Di Amerika Serikat, lebih dari 20% bayi dilahirkan melalui operasi sesarea (Arianto, 2009). Di tahun 2000 dilaporkan di dunia ini wanita melahirkan dengan seksio sesarea meningkat 4 kali dibandingkan 10 tahun sebelumnya, dilihat dari angka kejadian seksio sesarea dilaporkan di Amerika Serikat persalinan dengan seksio sesarea sebanyak 35% dari seluruh persalinan, Australia 35%, Skotlandia 43% dan Perancis 28%. Di Indonesia jumlah persalinan seksio sesarea juga mengalami peningkatan tahun 2005, jumlah persalinan dengan seksio sesarea sebanyak 8% dari seluruh persalinan, tahun 2006 15% dan tahun 2007 sebanyak 21%.
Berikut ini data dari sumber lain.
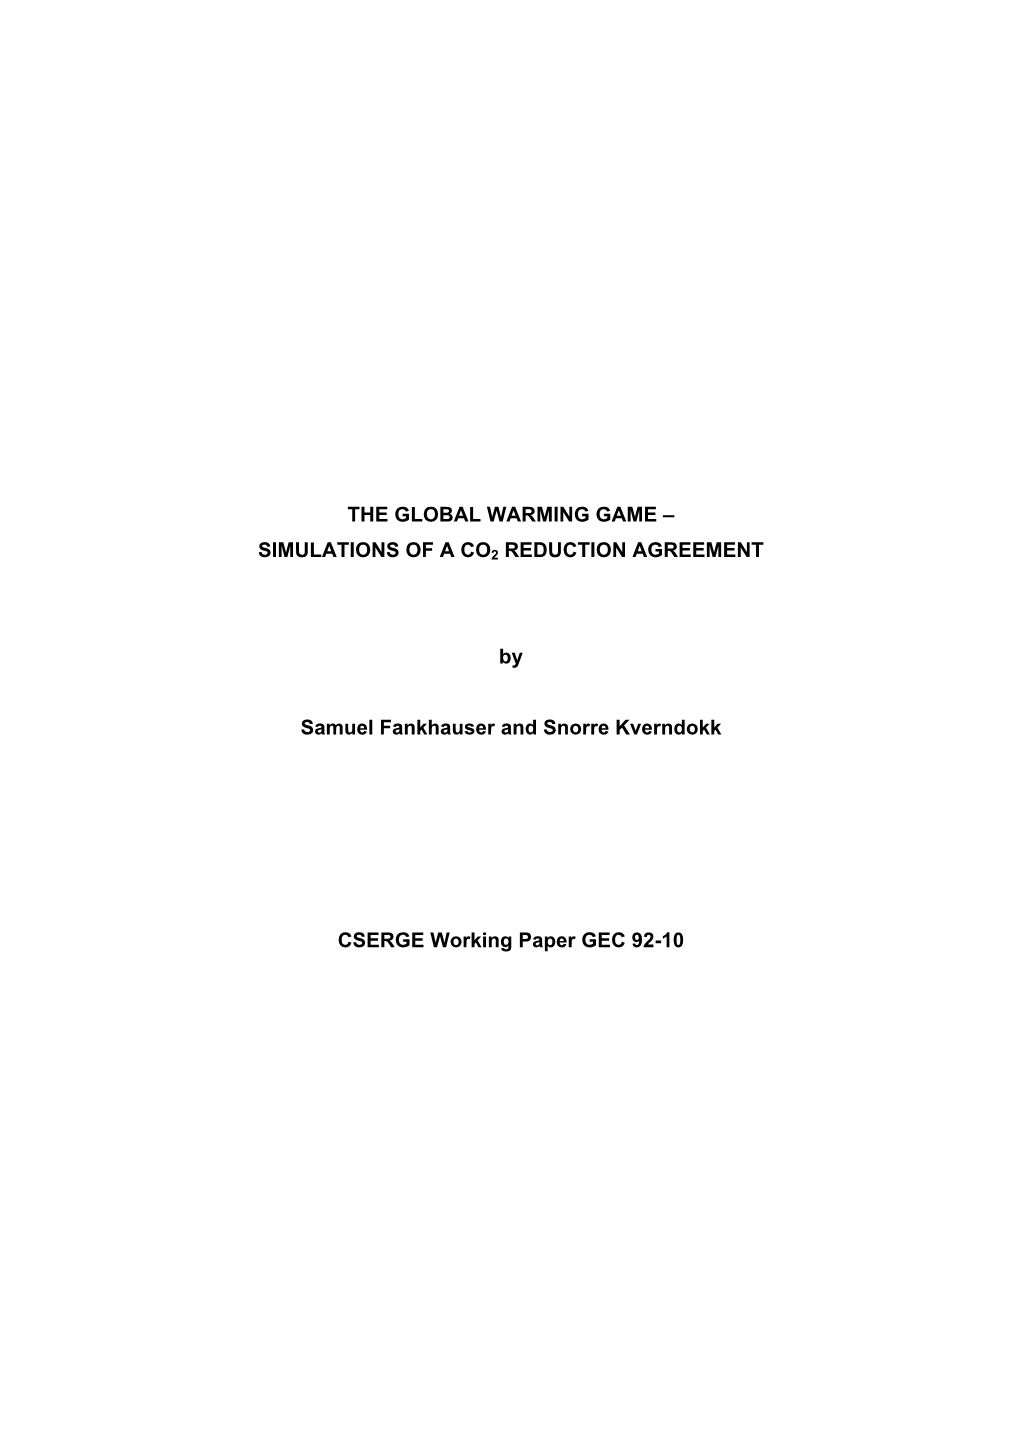 THE GLOBAL WARMING GAME – SIMULATIONS of a CO2 REDUCTION AGREEMENT by Samuel Fankhauser and Snorre Kverndokk CSERGE Working P

Menurut Bensons dan Pernolls (dalam Evariny, 2009), angka kematian pada operasi sesarea adalah 40-80 tiap 100.000 kelahiran hidup. Angka ini menunjukkan risiko 25 kali lebih besar dibanding persalinan per vaginam. Bahkan untuk kasus karena infeksi mempunyai angka 80 kali lebih tinggi dibandingkan dengan persalinan per vaginam. Komplikasi tindakan anestesi sekitar 10 persen dari seluruh angka kematian ibu. Komplikasi lain yang dapat terjadi saat tindakan operasi sesarea dengan frekuensi di atas 11% antara lain: cedera kandung kemih, cedera pada rahim, cedera pada pembuluh darah, cedera pada usus dan dapat pula cedera pada bayi. Komplikasi yang jarang tetapi fatal adalah komplikasi emboli air ketuban yang dapat terjadi selama tindakan operasi, yaitu masuknya cairan ketuban ke dalam pembuluh darah terbuka yang disebut sebagai embolus. Komplikasi lain yang dapat terjadi sesaat setelah operasi sesarea adalah infeksi yang banyak disebut sebagai morbiditas pasca operasi. Kurang lebih 90% dari morbiditas pasca operasi disebabkan oleh infeksi (infeksi pada rahim atau endometritis, alat-alat berkemih, dan luka operasi).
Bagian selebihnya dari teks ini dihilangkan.